__To do__
Where a picture appears, leave it out, and transcribe all the lines below exactly.

__The data__
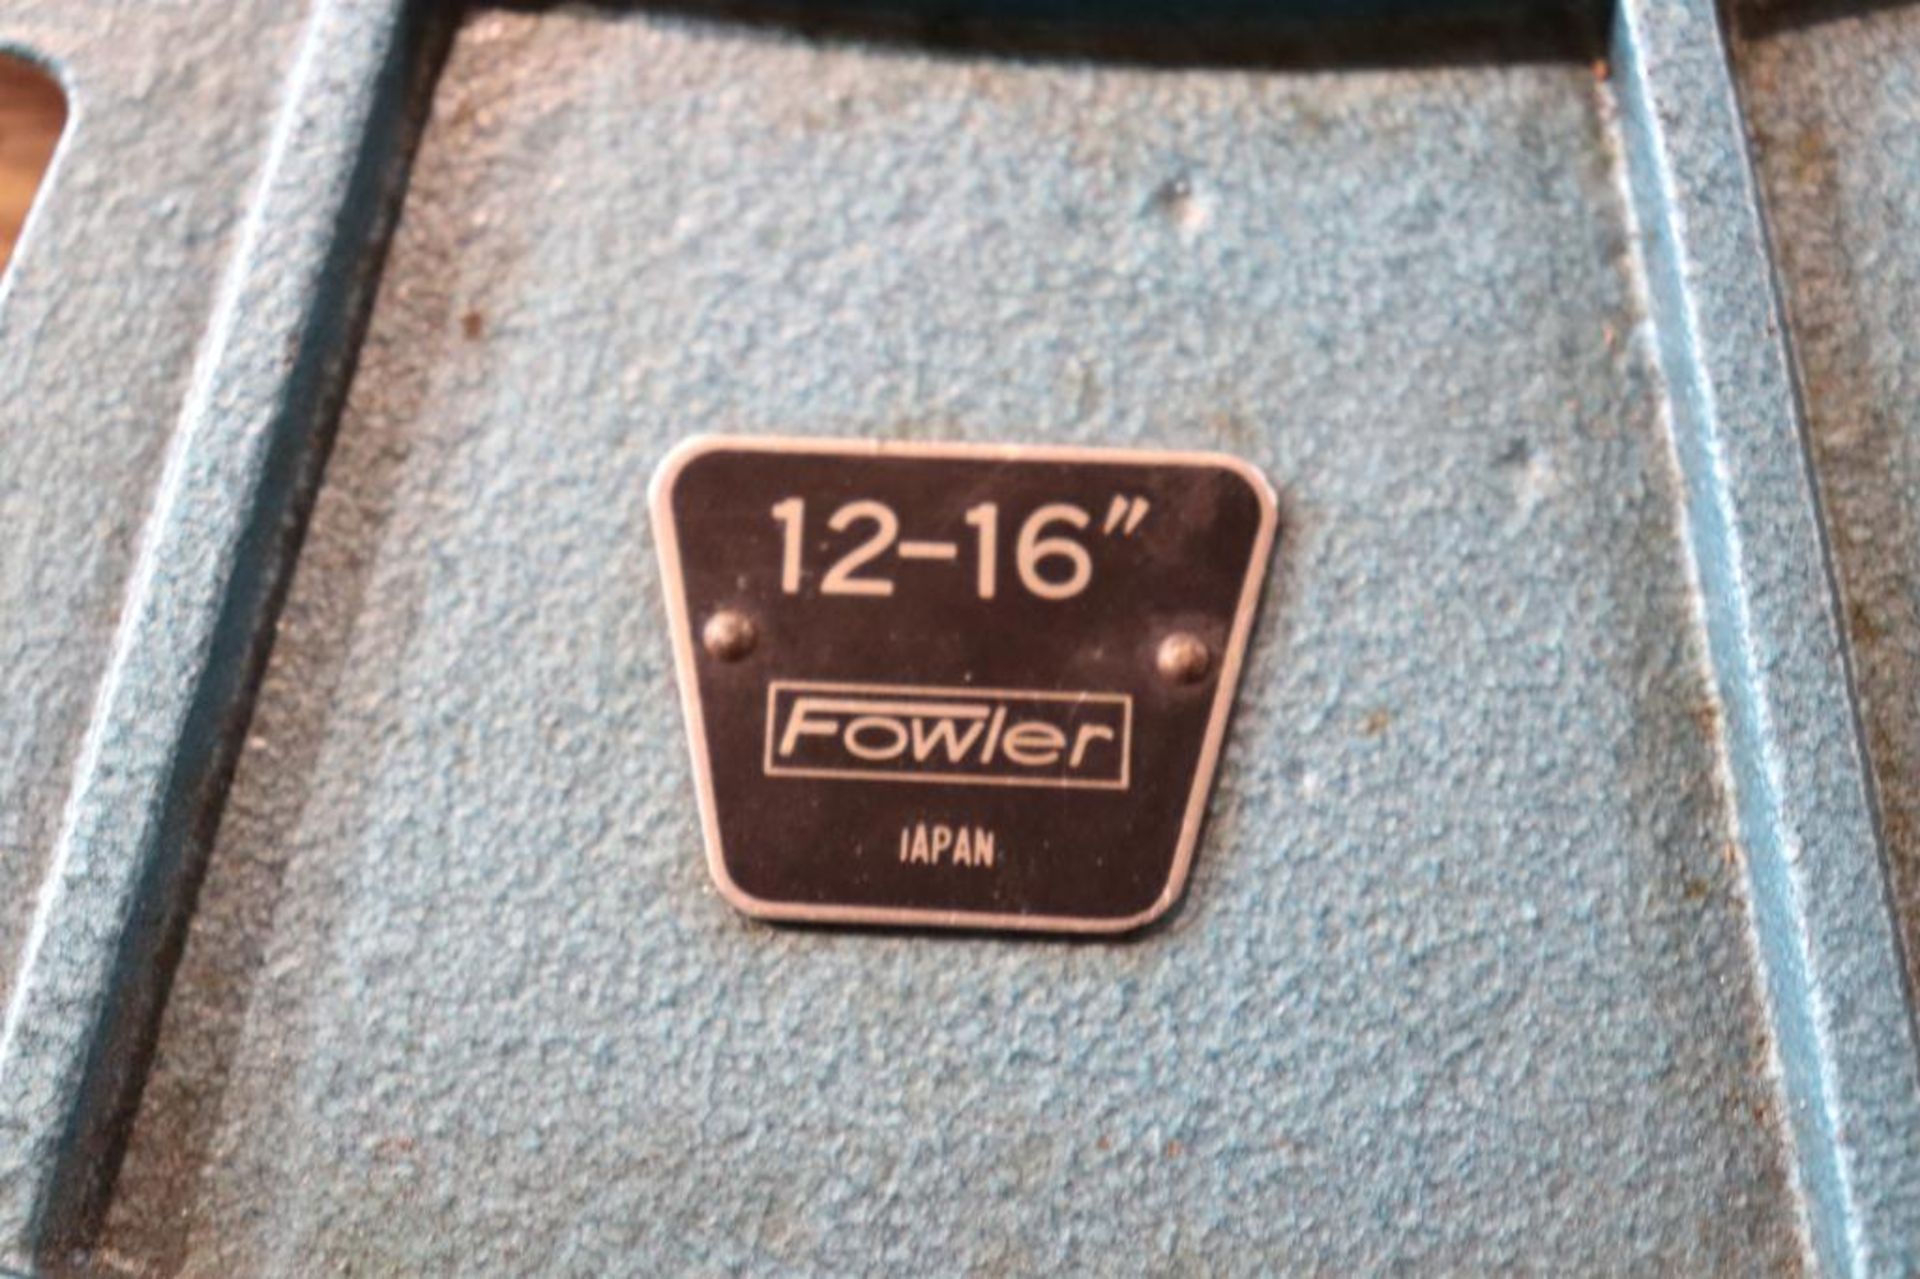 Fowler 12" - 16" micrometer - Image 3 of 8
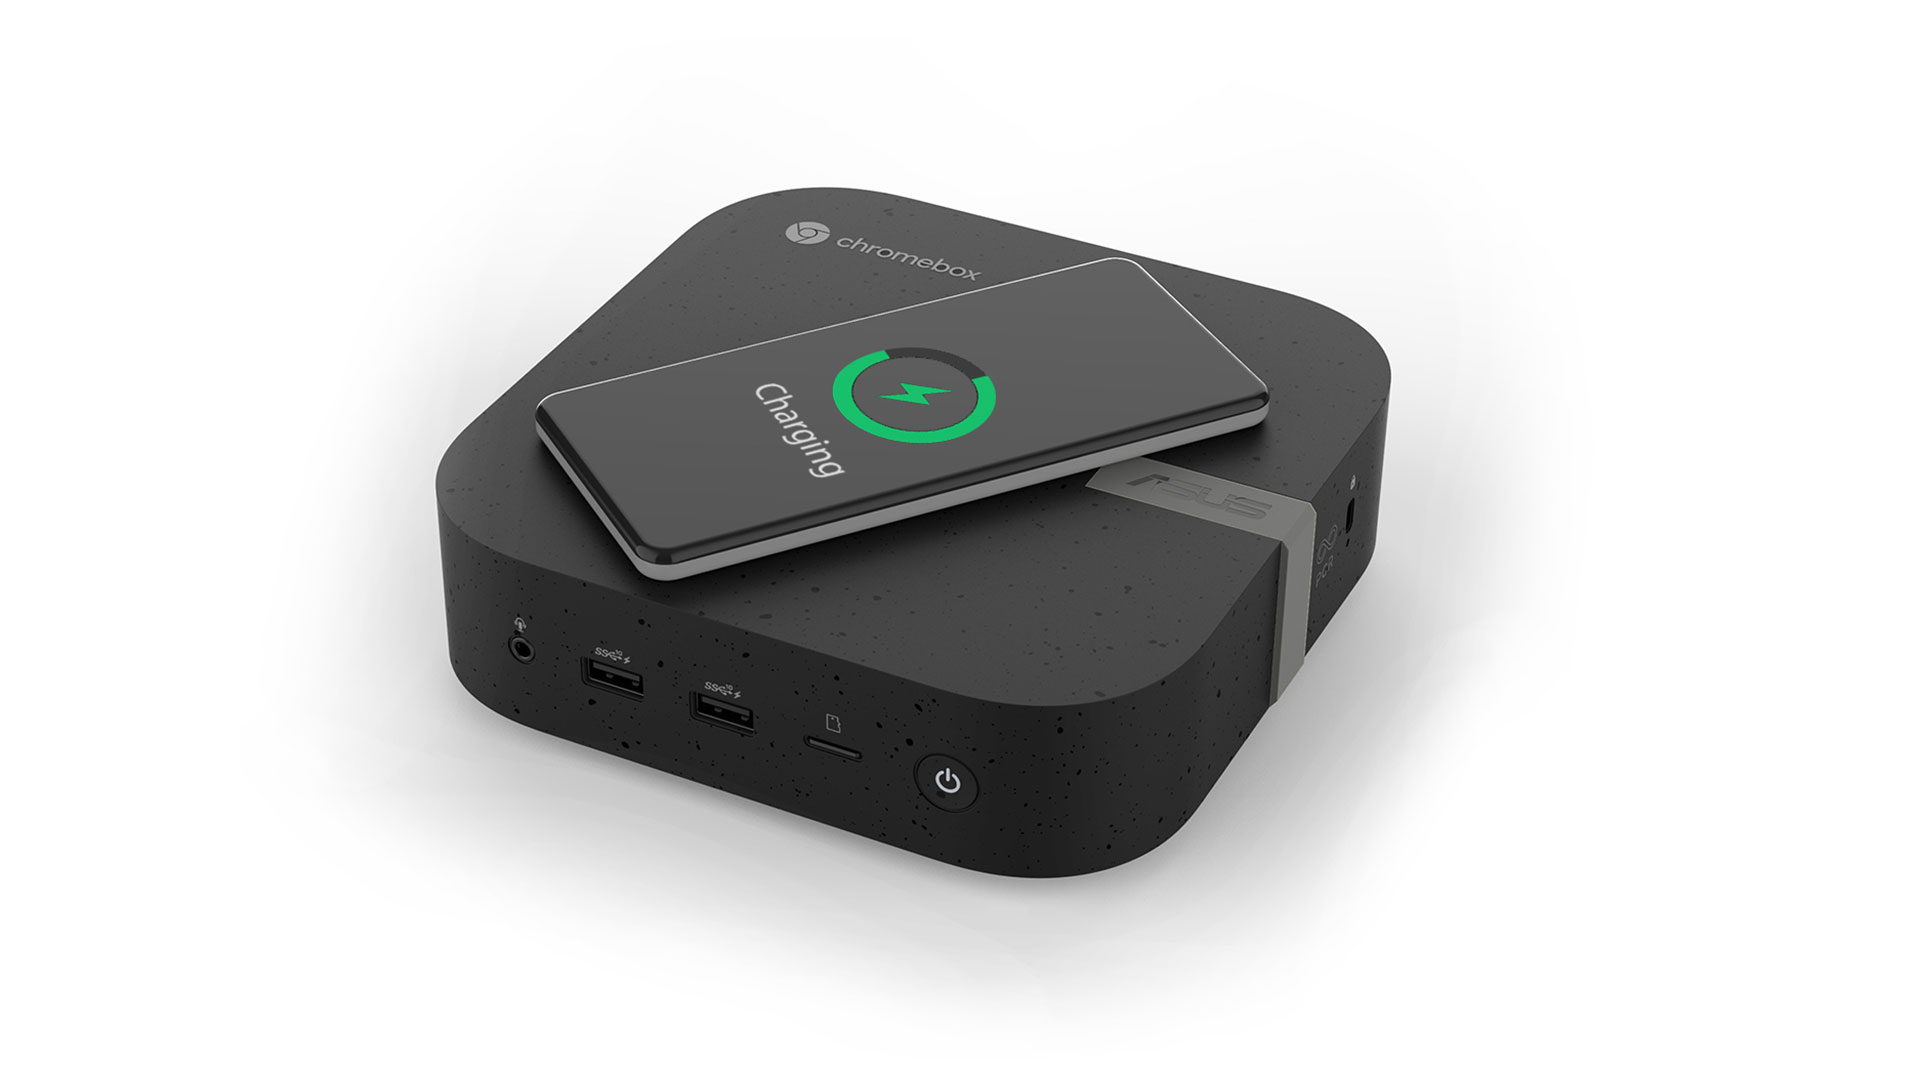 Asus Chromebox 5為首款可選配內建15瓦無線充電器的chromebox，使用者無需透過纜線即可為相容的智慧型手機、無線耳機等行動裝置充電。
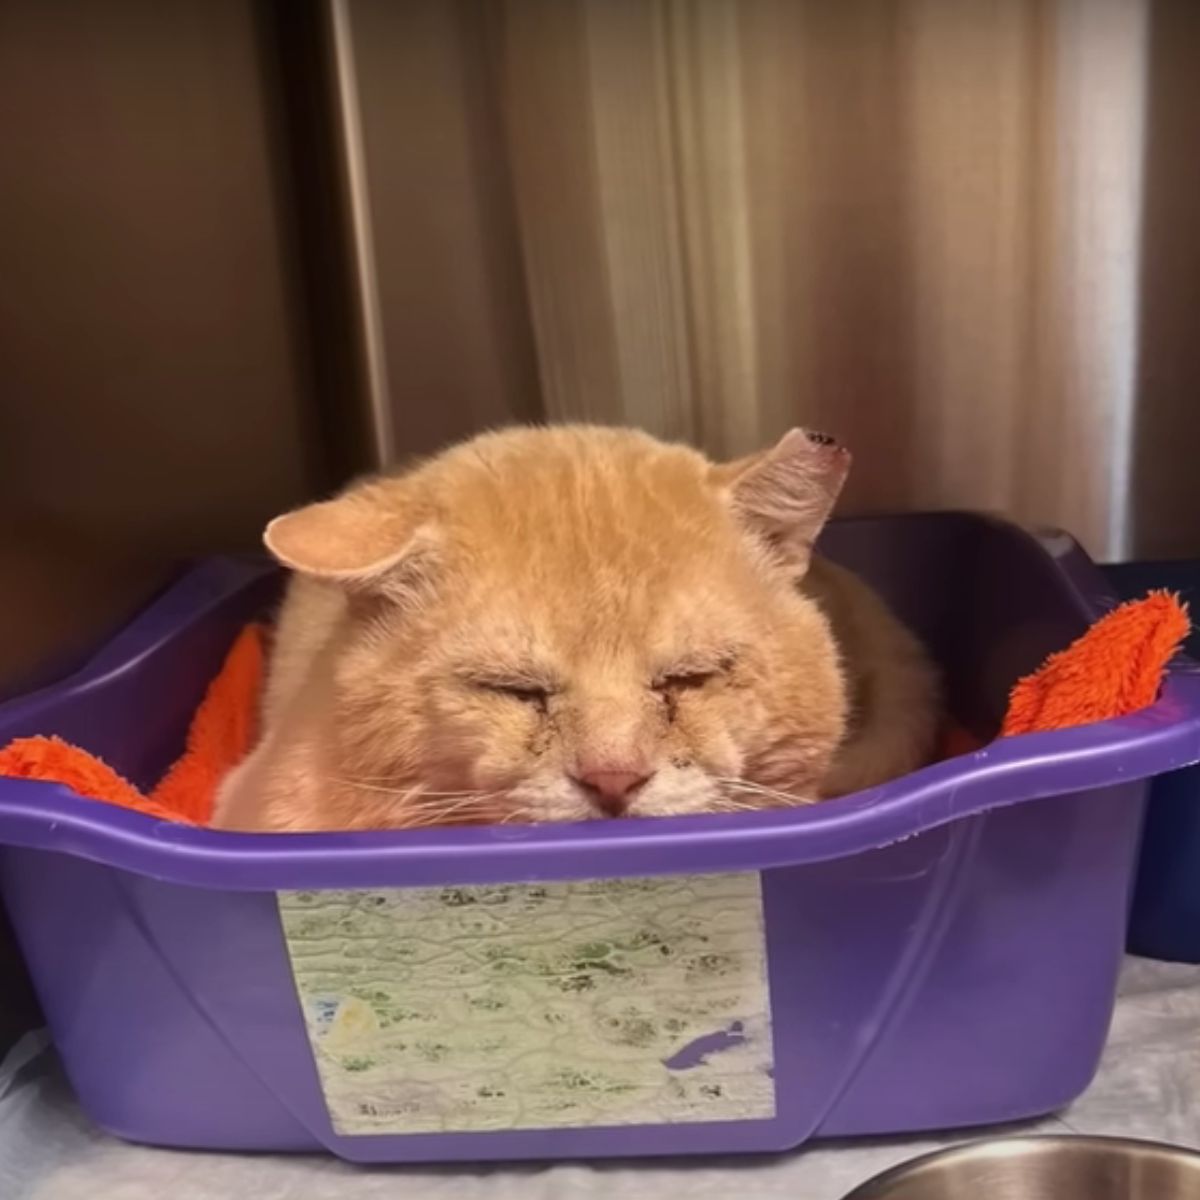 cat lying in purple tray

__Response to this exercise__
 Fowler 12" - 16" micrometer - Image 3 of 8
 Asus Chromebox 5為首款可選配內建15瓦無線充電器的chromebox，使用者無需透過纜線即可為相容的智慧型手機、無線耳機等行動裝置充電。
 cat lying in purple tray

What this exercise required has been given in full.